Fue el suyo, un mandato breve y turbulento marcado por la anarquía que se abatió sobre el país luego de la batalla de Cepeda y asumió el cargo debiendo enfrentar una grave inestabilidad política. Salió a campaña a perseguir a LÓPEZ y sus aliados, JOSÉ MIGUEL CARRERA y CARLOS MARÍA DE ALVEAR y luego de derrotarlos en “San Nicolás de los Arroyos”, sus tropas saquearon la villa.
Después invadió la provincia de Santa Fe y luego de derrotar a ESTANISLAO LÓPEZ en la batalla de Pavón I (12/08/1820) trató de negociar la paz con el caudillo santafesino, pero sin lograr un acuerdo con éste, debió enfrentarlo nuevamente y el 2 de setiembre de 1820, fue vencido en la batalla de “Gamonal”.

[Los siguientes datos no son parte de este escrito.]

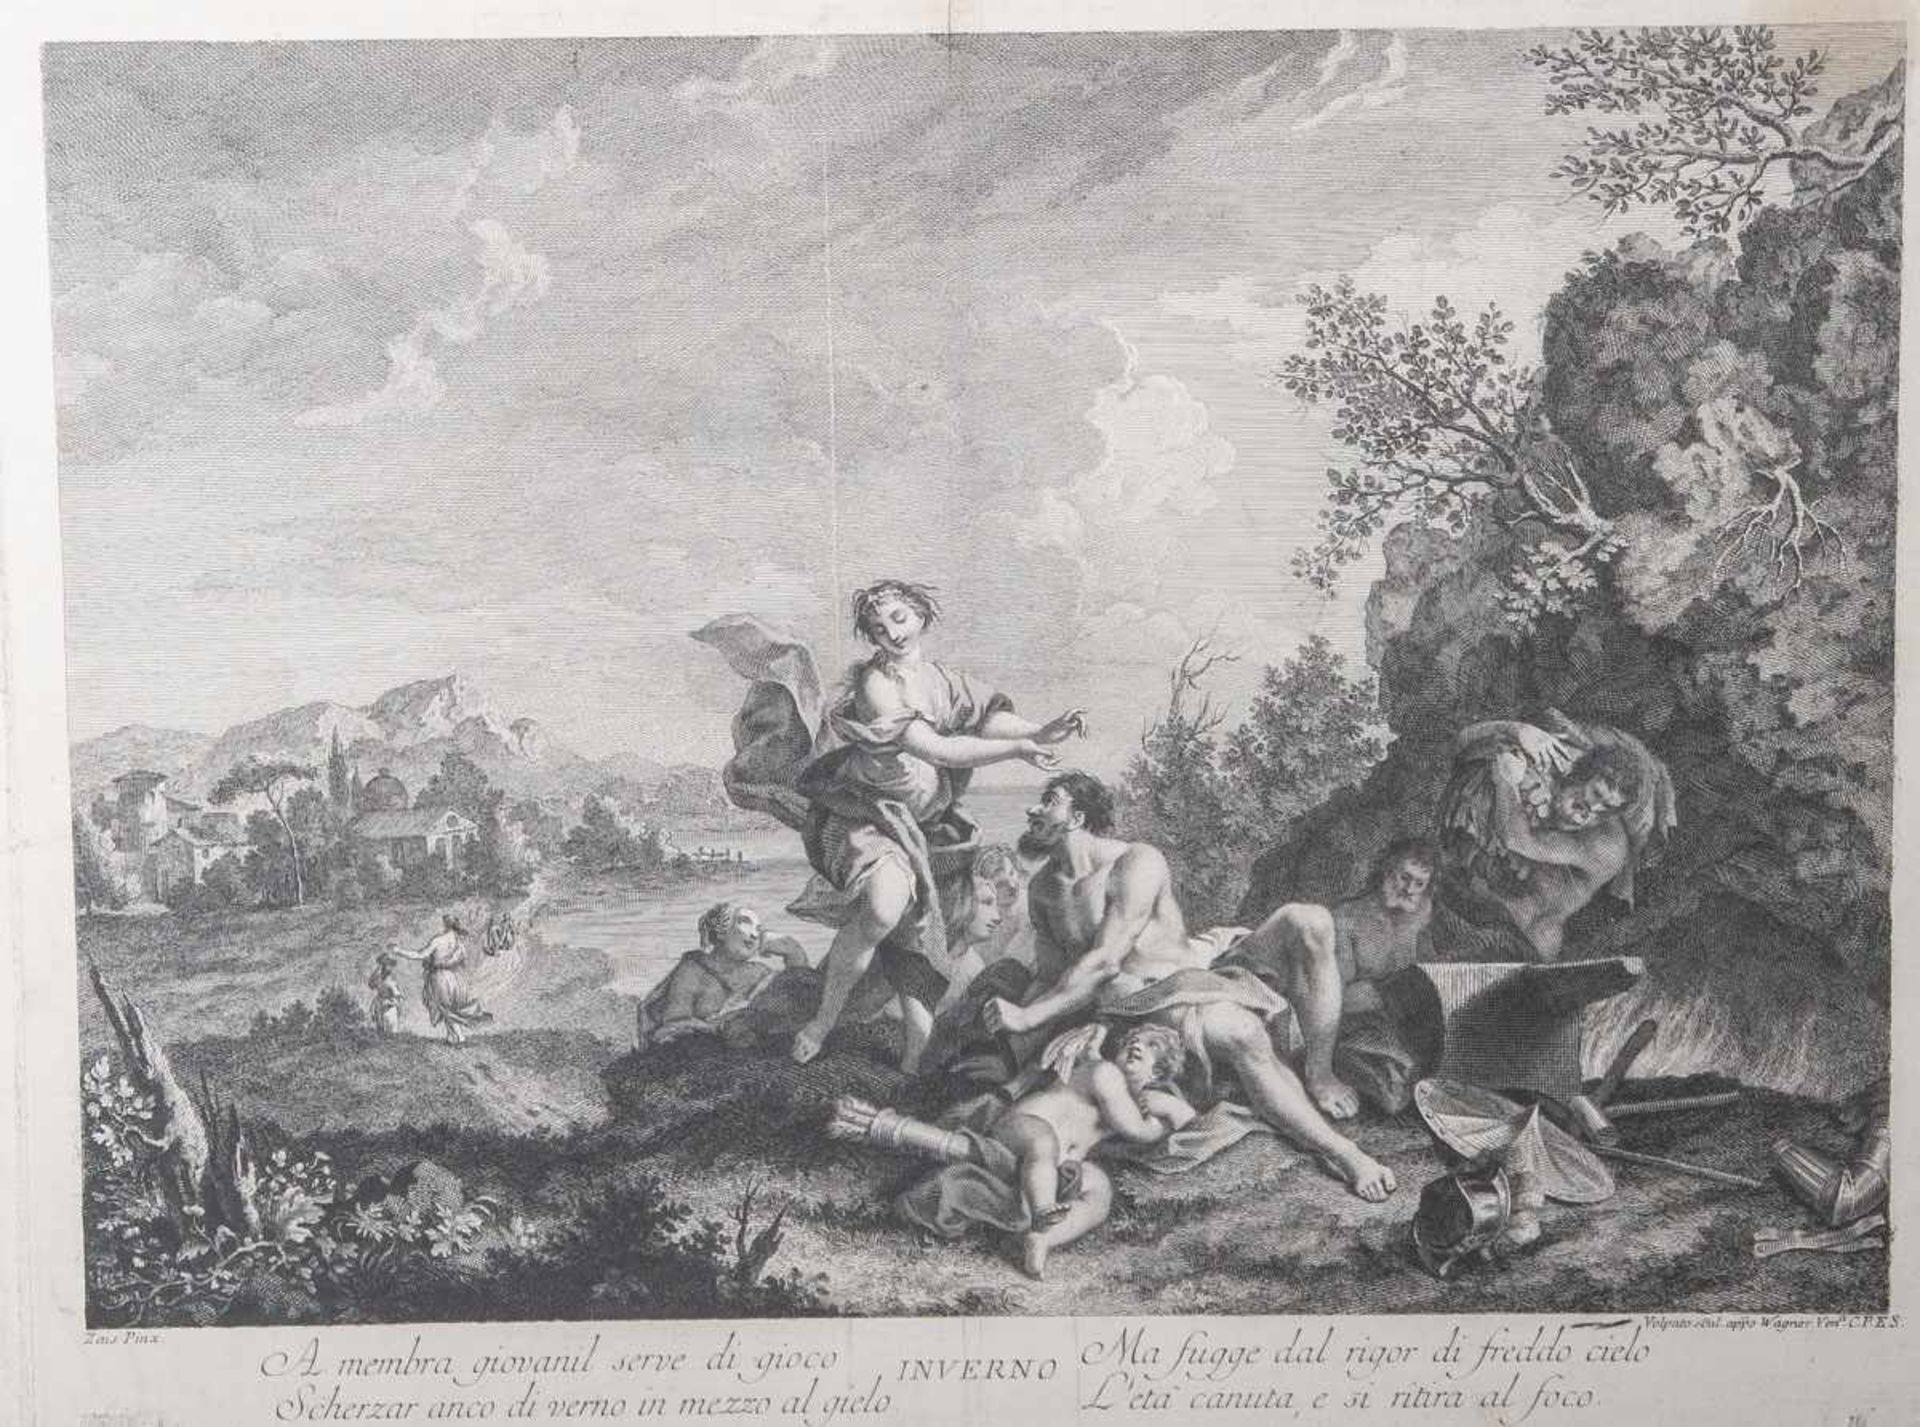 Unbekannter Künstler (18. Jahrhundert, wohl Italien), "Inverno", Kupferstich, bez.: gemaltnach Zais,

Mientras estaba en campaña, la Sala de Representantes decidió nombrar al gobernador titular; sus amigos presentaron su candidatura, pero el 20 de septiembre la Legislatura nombró en su lugar al coronel MARTÍN RODRÍGUEZ. DORREGO se retiró a su quinta en San Isidro y en el mes de octubre de 1820, luego de que abortara la revolución que encabezara su antiguo aliado, el coronel MANUEL PAGOLA, en la que no participó, se unió a MANUEL MORENO para llevar adelante el esfuerzo realizado por las provincias a fin de evitar que RIVADAVIA federalizara la ciudad de Buenos Aires (que era entonces tanto la capital nacional como provincial).
SEGUNDO GOBIERNO. En las elecciones que en 1827 se realizaron en la provincia de Buenos Aires, no participó ninguna lista unitaria, de modo que el Partido Federal obtuvo todas las bancas y nombró gobernador de la provincia a MANUEL DORREGO quien asumió el cargo el 12 de agosto de 1827.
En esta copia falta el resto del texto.